使用管道查询语法

如需将项目注册到管道语法预览版,请填写管道语法注册表单

管道查询语法是 GoogleSQL 的扩展,支持线性查询结构,旨在让查询更易于读取、写入和维护。您可以在编写 GoogleSQL 的任何位置使用管道语法。

管道语法支持与现有 GoogleSQL 查询语法标准语法相同的操作,例如选择、汇总和分组、联接和过滤,但这些操作可以按任何顺序应用任意次数。借助管道语法的线性结构,您可以编写查询,使查询语法的顺序与构建结果表所采取的逻辑步骤顺序一致。

使用管道语法的查询的定价、执行和优化方式与等效的标准语法查询相同。使用管道语法编写查询时,请遵循相关准则来估算费用优化查询计算

标准语法存在一些问题,可能会导致难以读取、编写和维护。下表显示了管道语法如何解决这些问题:

标准语法 管道语法
子句必须按特定顺序显示。 可以按任意顺序应用管道运算符。
更复杂的查询(例如包含多级汇总的查询)通常需要 CTE 或嵌套子查询。 更复杂的查询通常通过在查询末尾添加管道运算符来表达。
在聚合期间,列会在 SELECTGROUP BYORDER BY 子句中重复。 每项汇总只能列出一次列。

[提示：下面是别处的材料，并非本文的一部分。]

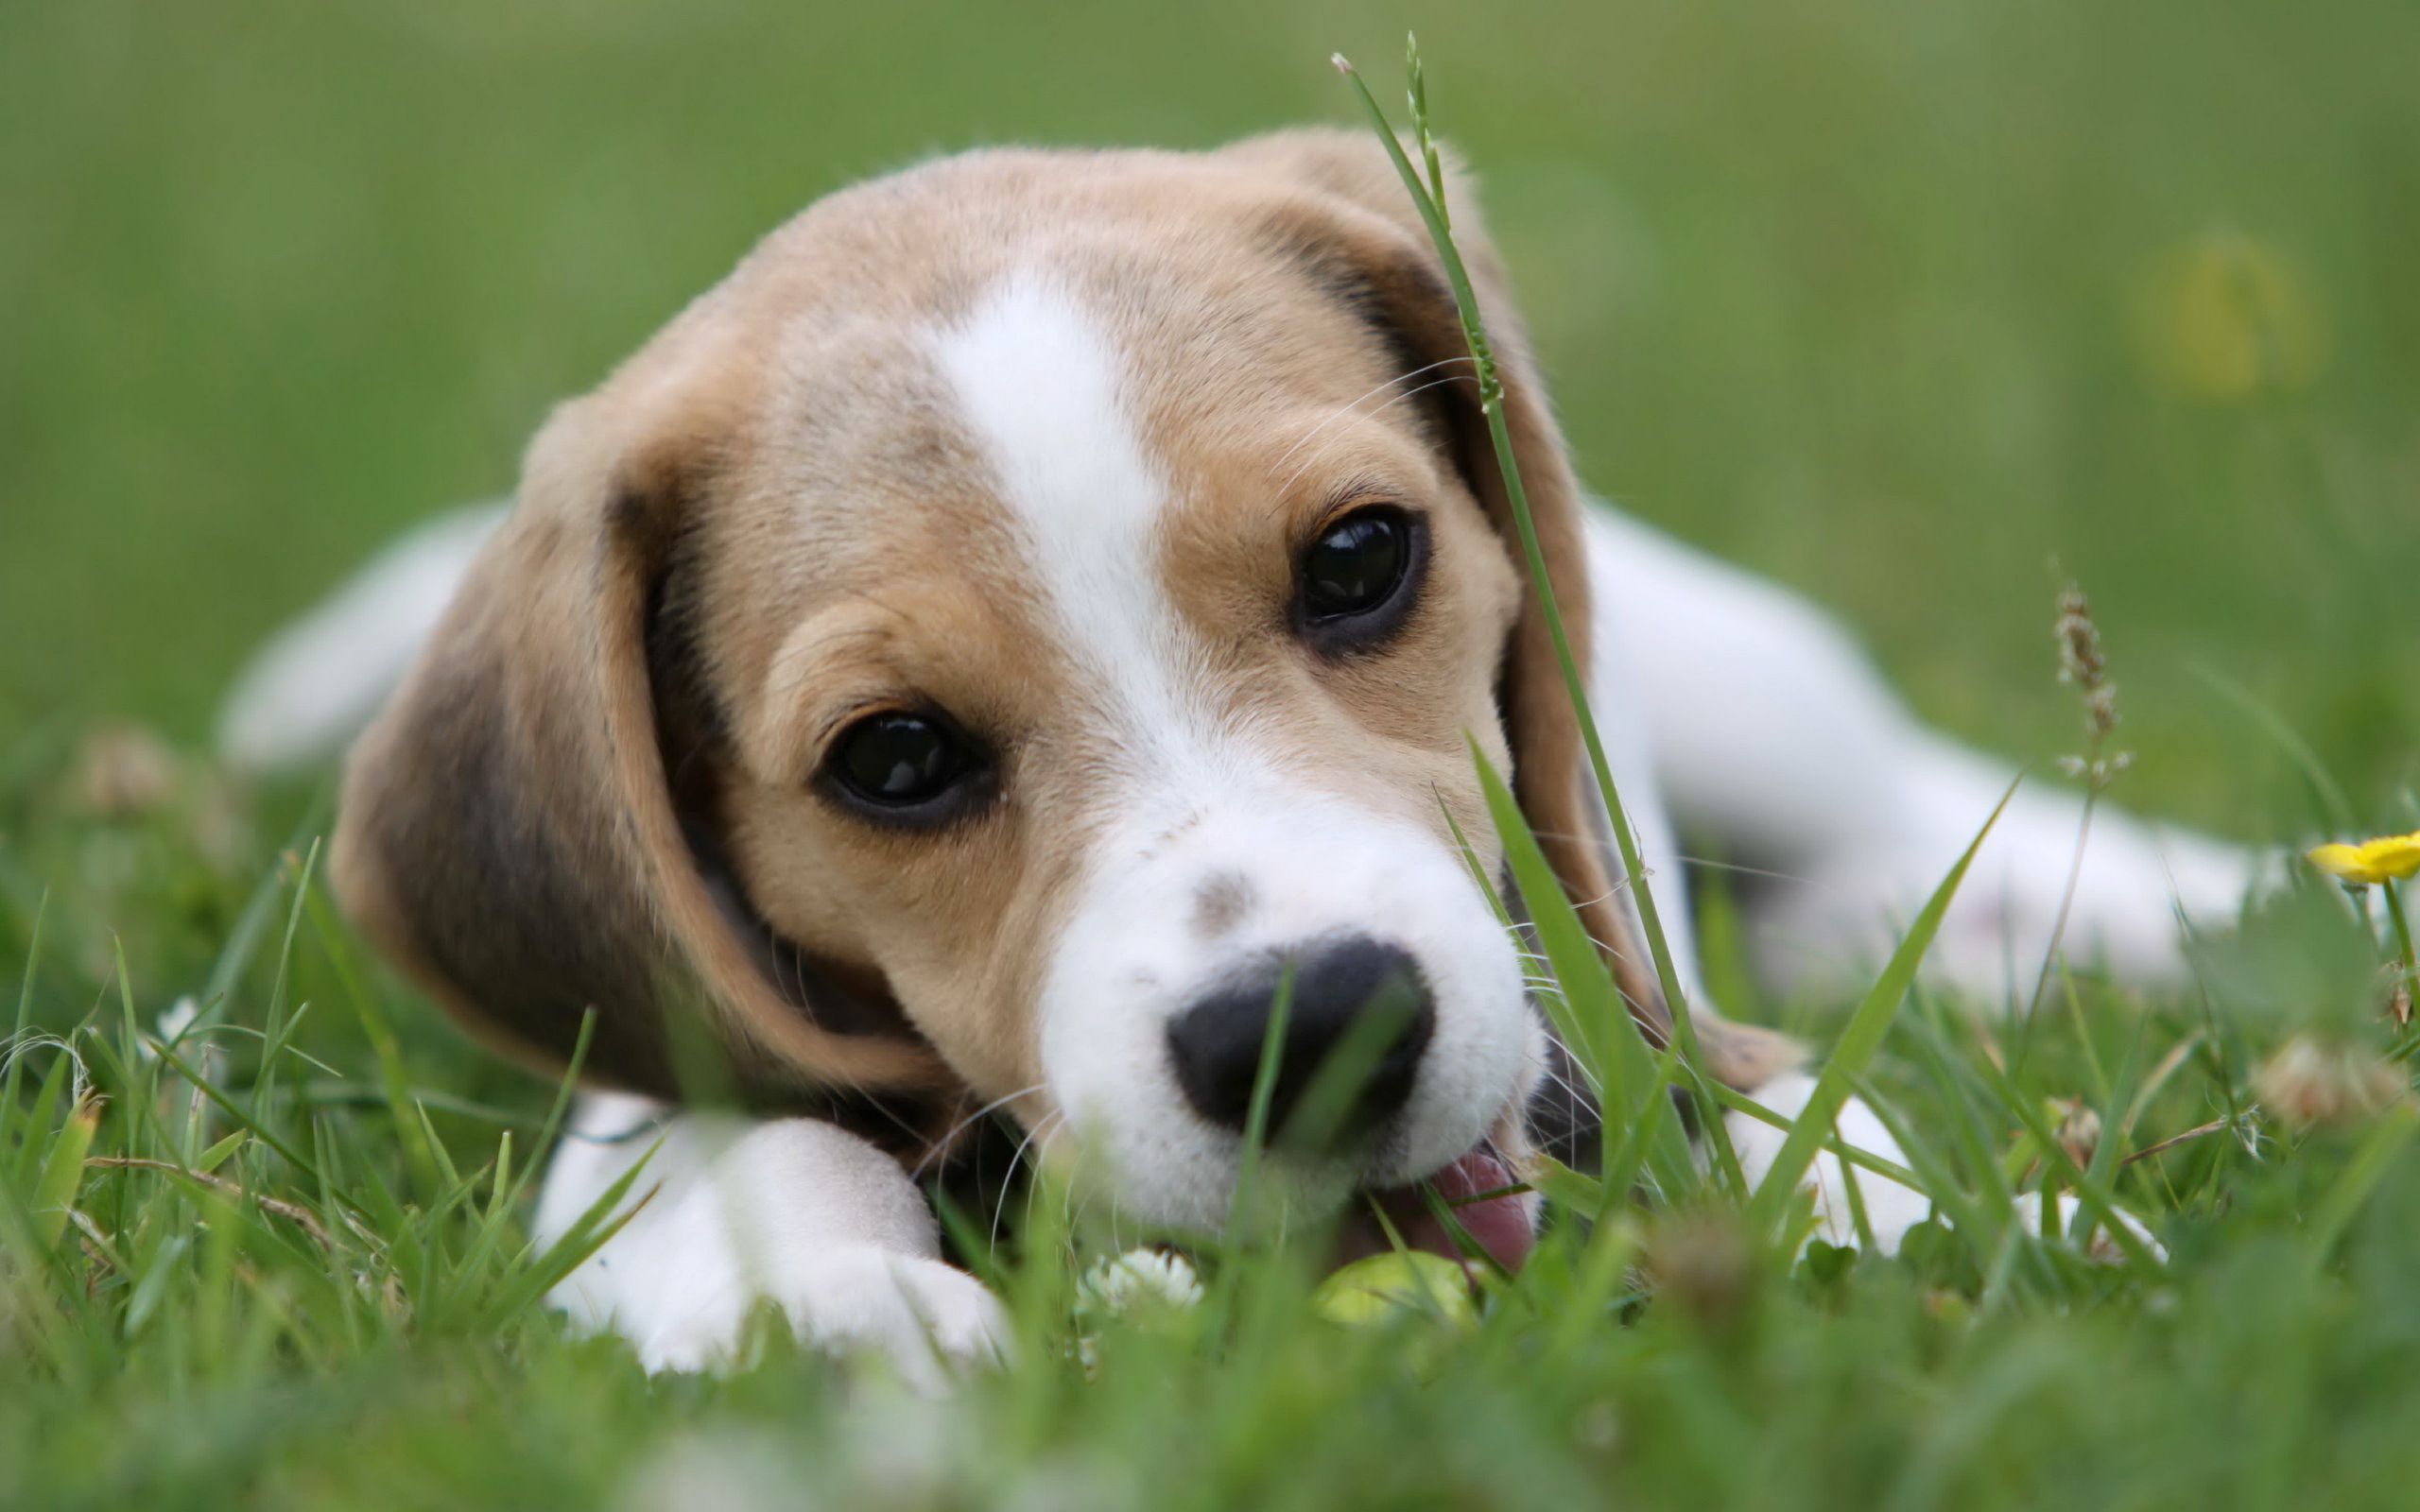 Top Beagle Puppy Picture In 4k Ultra Hd - ビーグル 犬 画像 フリー , HD Wallpaper & Backgrounds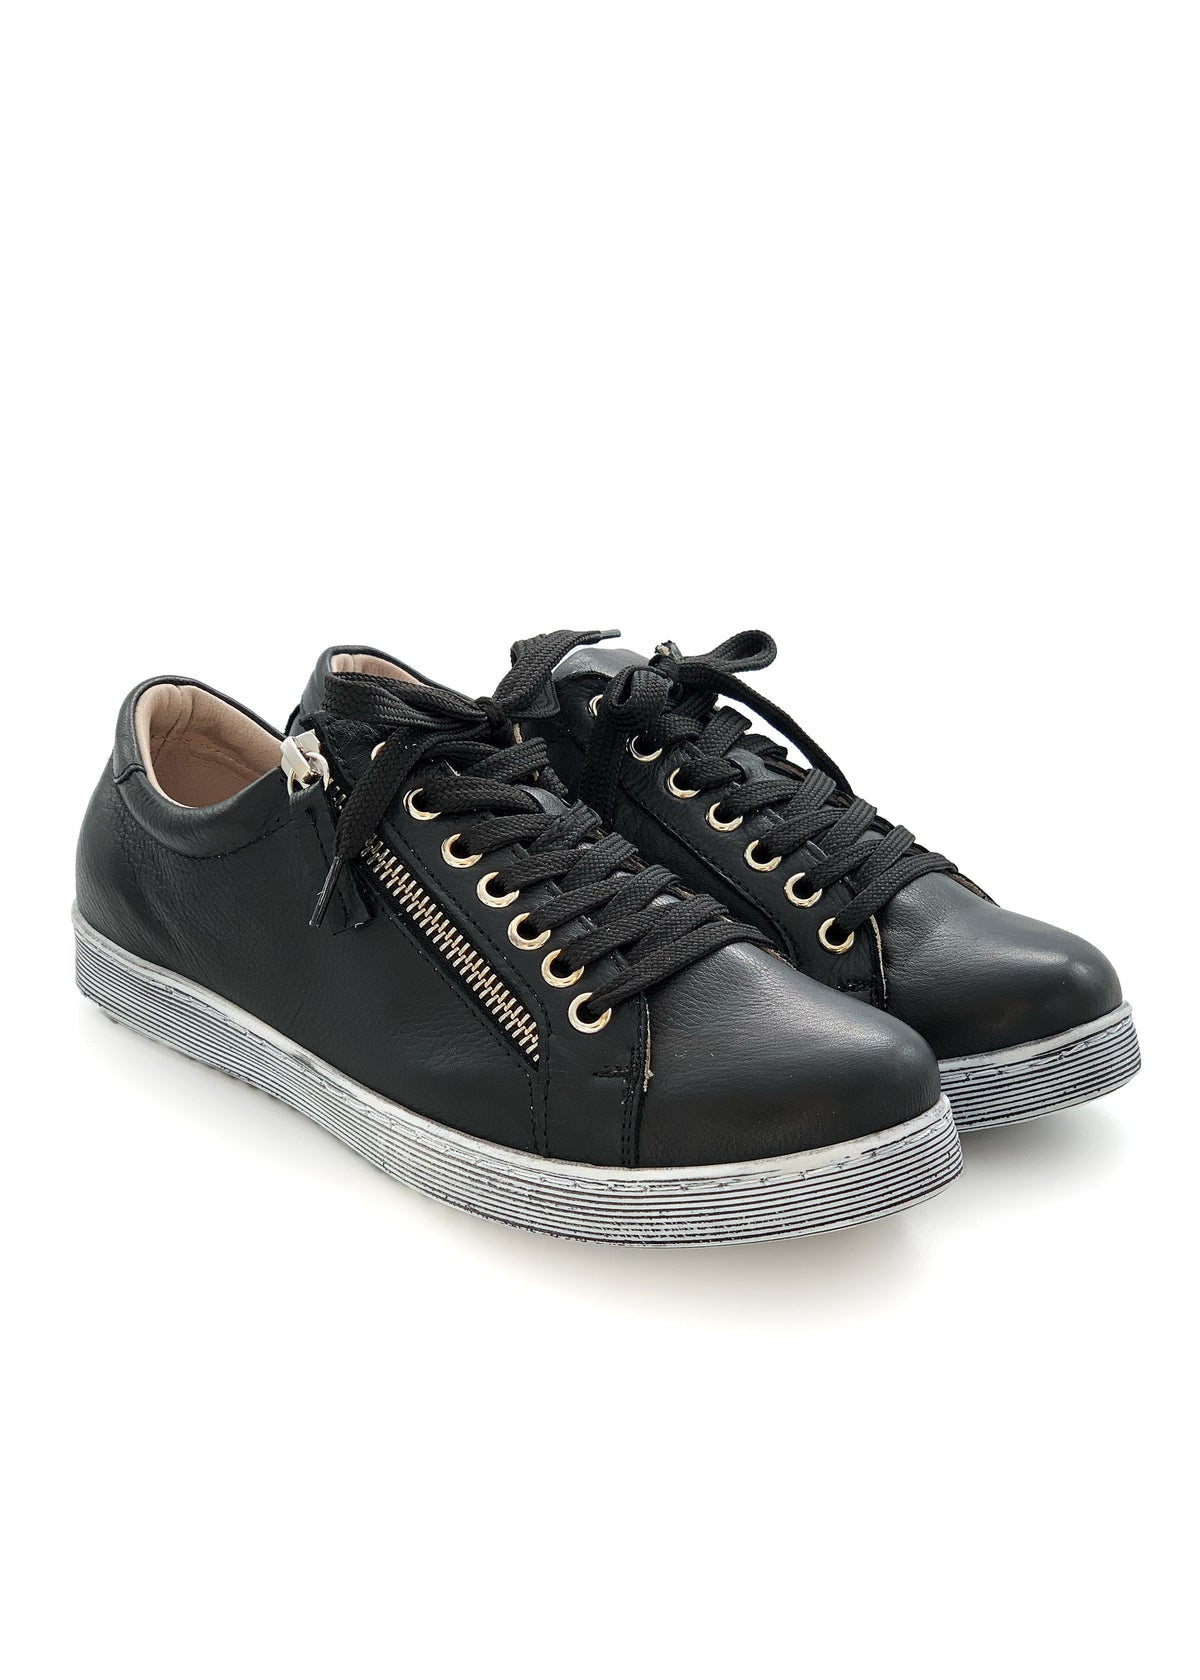 Low-top sneakers - black leather, zipper, wide last

如需了解完整的语法详情,请参阅管道查询语法参考文档。

基本语法

在管道语法中,查询以标准 SQL 查询或 FROM 子句开头。例如,独立的 FROM 子句(例如 FROM MyTable)是有效的管道语法。然后,标准 SQL 查询的结果或 FROM 子句中的表可以作为输入传递给管道符号 |>,后跟管道运算符名称和该运算符的任何实参。管道运算符会以某种方式转换表,并且该转换的结果可以传递给另一个管道运算符。

您可以在查询中使用任意数量的管道运算符,执行选择、排序、过滤、联接或汇总列等操作。管道运算符的名称与其标准语法对应项一致,并且通常具有相同的行为。标准语法和管道语法之间的主要区别在于查询的结构方式。随着查询表达的逻辑变得越来越复杂,查询仍可表示为管道运算符的线性序列,而无需使用深层嵌套的子查询,从而更易于阅读和理解。

管道语法具有以下主要特征:

  • 管道语法中的每个管道运算符都由管道符号 |>、运算符名称和任何参数组成:
    |> operator_name argument_list
  • 您可以将管道运算符添加到任何有效查询的末尾。
  • 您可以按任意顺序应用管道运算符,并且可以应用任意次数。
  • 管道语法适用于支持标准语法的任何位置:查询、视图、表值函数和其他上下文。
  • 在同一查询中,可以将管道语法与标准语法混合使用。例如,子查询可以使用与父级查询不同的语法。
  • 管道运算符可以看到管道前表格中存在的每个别名。
  • 查询可以FROM 子句开头,并且可以选择在 FROM 子句后添加管道运算符。

请参考下表:

CREATE OR REPLACE TABLE Produce AS (
  SELECT 'apples' AS item, 2 AS sales, 'fruit' AS category
  UNION ALL
  SELECT 'apples' AS item, 7 AS sales, 'fruit' AS category
  UNION ALL
  SELECT 'carrots' AS item, 0 AS sales, 'vegetable' AS category
  UNION ALL
  SELECT 'bananas' AS item, 15 AS sales, 'fruit' AS category);

以下每个查询都包含有效的管道语法,展示了如何顺序构建查询。

查询可以FROM 子句开头,且无需包含管道符:

-- View the table.
FROM Produce;

/*---------+-------+-----------+
 | item    | sales | category  |
 +---------+-------+-----------+
 | apples  | 7     | fruit     |
 | apples  | 2     | fruit     |
 | carrots | 0     | vegetable |
 | bananas | 15    | fruit     |
 +---------+-------+-----------*/

您可以使用 WHERE 管道运算符进行过滤:

-- Filter items with no sales.
FROM Produce
|> WHERE sales > 0;

/*---------+-------+-----------+
 | item    | sales | category  |
 +---------+-------+-----------+
 | apples  | 7     | fruit     |
 | apples  | 2     | fruit     |
 | bananas | 15    | fruit     |
 +---------+-------+-----------*/

如需执行汇总,请使用 AGGREGATE 管道运算符,后跟任意数量的汇总函数,后跟 GROUP BY 子句。GROUP BY 子句是 AGGREGATE 管道运算符的一部分,而不是由管道符号 (|>) 分隔。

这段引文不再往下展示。